Lynch analogizes his unchanging status to the truck driver in Central Quality Coal Co. v. Akers, 460 S.W.2d 349 (Ky. 1970). In that case, a truck driver was fatally injured when he went up a coal conveyor to see why the coal he was unloading had jammed. The coal company alleged the truck driver's status as an invitee terminated once he went up the conveyor, and claimed he became a licensee at best and a trespasser at worst at that point. The Court held a visitor is only an invitee while he is on the part of the land to which the invitation is extended. Id. at 351. While the coal company did not request the drivers to climb the conveyor and shake down the coal, it knew this happened and it was for the mutual benefit of the drivers and the company. Id. Thus, the coal company should not now deny the truck driver was an invitee when he was performing work for the mutual benefit of both parties. Id. Similarly, here, Pilot should not deny Lynch was an invitee when its employee told him to park in that location, and he was on the property for the mutual benefit of Pilot and Lynch. Plus, Pilot knew truck drivers parked in that area.
Our analysis now turns to the jury instruction at issue asking whether Pilot breached its duty to Lynch. In determining liability for the landowner, "[the courts] must ask whether the land possessor could reasonably foresee that an invitee would be injured by the danger. If the land possessor can foresee the injury, but nevertheless fails to take reasonable precautions to prevent the injury, he can be held liable." McIntosh, 319 S.W.3d at 392.

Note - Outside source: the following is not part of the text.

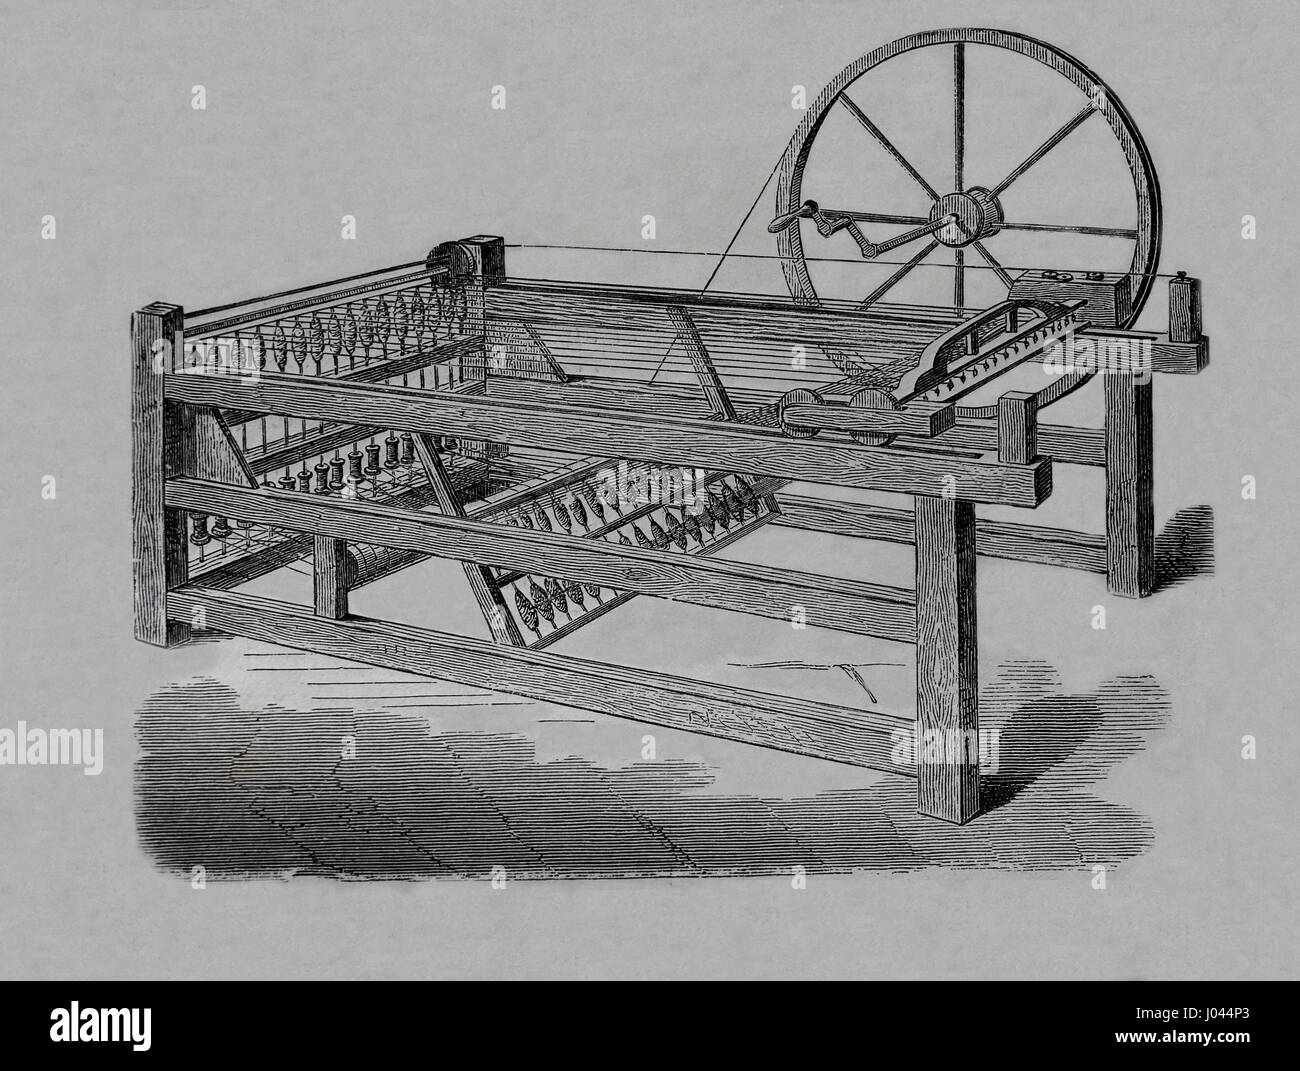 Industrielle Revolution. Hargreaves ist Spinning Jenny, in den 1760er Jahren erfunden. Gravur, Nuestro Siglo, 1883. Spanische Ausgabe. Stockfoto

Here, Pilot could reasonably foresee that Lynch would be injured by an unsecured fuel cap that could slide out from underneath him. Thus, the jury should have evaluated whether Pilot failed to take reasonable precautions to prevent Lynch's injury. The jury should not have been asked, as a threshold issue, whether Lynch was permitted to be in that area. If Pilot is not liable in this case, it will be because it satisfied the standard of care in the given factual scenario. Only if the jury determines Pilot is liable should the jury reach Lynch's conduct. By asking the jury to determine if Pilot "provided" the area where the fuel cap was located as a place for Lynch to walk, the trial court gave an improper contributory negligence instruction. The trial court confused Kentucky law to mean that Pilot only owed a duty if it could foresee Lynch would walk in the fuel cap area. Instead, the trial court should have asked if Pilot could foresee that Lynch would be injured by an unsecured fuel cap on its property.
This improper instruction most likely resulted from the trial court relying on Palmore's § 24.11. This model instruction is outdated and not current with Kentucky's law as it retains the vestiges of the open and obvious doctrine. Further, this model instruction involves a visitor whose status changes to a trespasser because the landowner did not know the visitor was on its premises, which is not applicable to this case because Pilot knew Lynch was on its property and directed him to the area where he was injured.
By asking if Lynch stepped at a place Pilot provided for his use, this amounted to a "no-duty" instruction and created the perception that Lynch was contributorily negligent. The Kentucky Supreme Court warned against this type of instruction. Shelton, 413 S.W.3d at 901, 912. The trial court must make a "no-breach" determination, rather than a "no-duty" determination. Id. at 904.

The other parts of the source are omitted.